The Immigrant, de James Gray (2013).
Introduction:
Je trouve que l'immigration, abordée dans sa définition première comme l'arrivée dans un pays de personnes étrangères, est une thématique trop peu visible au cinéma. A l'heure où des gens meurent dans des conditions inhumaines lors de leur tentative de traversée, l'intérêt semble plutôt porté sur les conditions de vie des immigrés lorsqu'ils s'établissent quelque part que sur les événements immédiats qu'une telle transition peut impliquer.

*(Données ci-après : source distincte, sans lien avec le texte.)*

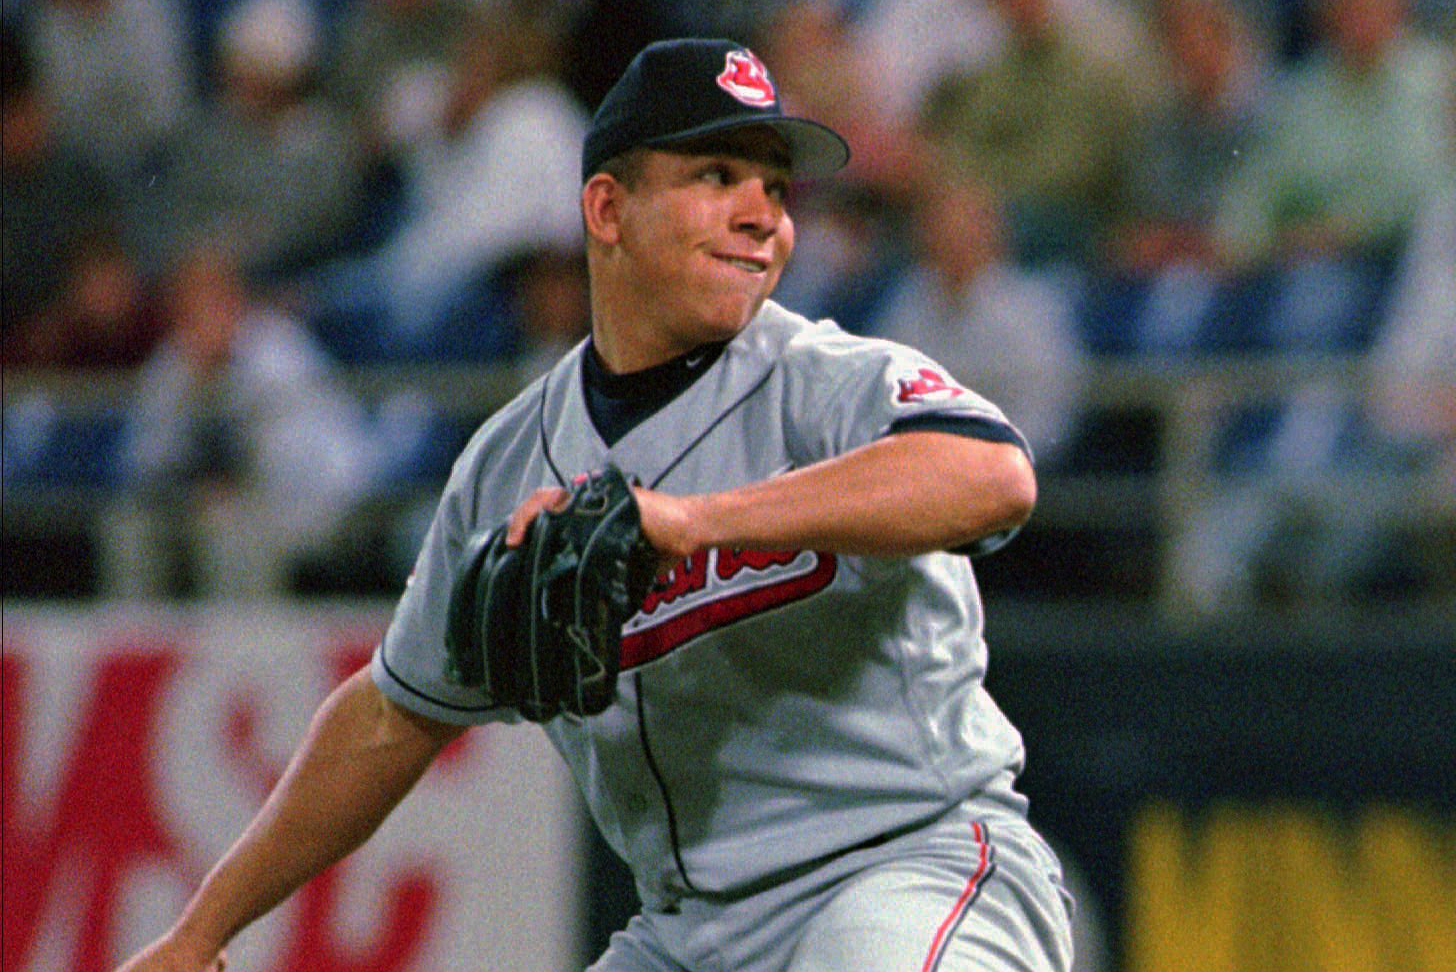 File:Bartolo Colón pitching on Old-Timers' Day, Aug 27 2022 3.jpg -  Wikipedia

James Gray, réalisateur soucieux de la question des communautés depuis le début de sa carrière, s'intéresse dans son dernier film à cette question;
L'histoire:
Dans les années 1920, une jeune femme polonaise qui a récemment débarqué à New York accepte l'aide compromettante d'un directeur de "cabaret", pour que sa sœur et elle ne soient pas expulsées.
Ça vaut le coup parce que:
sous couvert de reconstituer Ellis Island, ses bureaux de douanes, son infirmerie, et le New York du début du siècle dernier, James Gray construit une histoire romanesque intimiste faite de nuances. A la manière d'un drame classique, le rythme méditatif du film permet d'observer avec patience les personnages dépeints par petites touches. Les origines et les motivations de chacun sont autant exprimées par les visages, les gestes, les postures, que par les mots. Loin des stéréotypes et de tout héroïsme, les personnages débordent de la complexité de l'âme humaine, que la caméra sonde avec pudeur et sans aucun jugement. Le dualisme bien/mal, grosse ficelle cinématographique, n'apparait jamais, de sorte que le spectateur ne sait pas très bien sur quel pied danser: qui sont ces gens qui s'aiment, se fourvoient, se déchirent? L'action, diurne comme nocturne, est confinée dans des intérieurs ou dans des souterrains. Comme pour répondre à ces espaces suffocants, le jeu de lumières, de clair-obscur, réminiscent de l'école caravagiste, exorcise la vision d'un nouveau monde fantasmé et pimpant, et y transporte l'atmosphère décadente du vieux continent. Ce renversement géographique des valeurs s'opère alors au plus profond des personnages: un américain "moderne" (que Joaquin Phoenix interprète avec virtuosité) se bat pour l'amour, comme pour un désir ancestral, alors que l'immigrée polonaise "traditionnelle", campée par Marion Cotillard, lutte pour la liberté de pouvoir vivre indemne avec sa sœur. Tour à tour classique et baroque, le film reste sans cesse sur le fil d'une rupture subreptice, jusqu'au dénouement, où, dans la pénombre d'une quasi-prison, dans l'antichambre du rêve américain, la lumière de la vérité jaillit, à la manière d'une rédemption luisant faiblement sur la torche de la Liberté.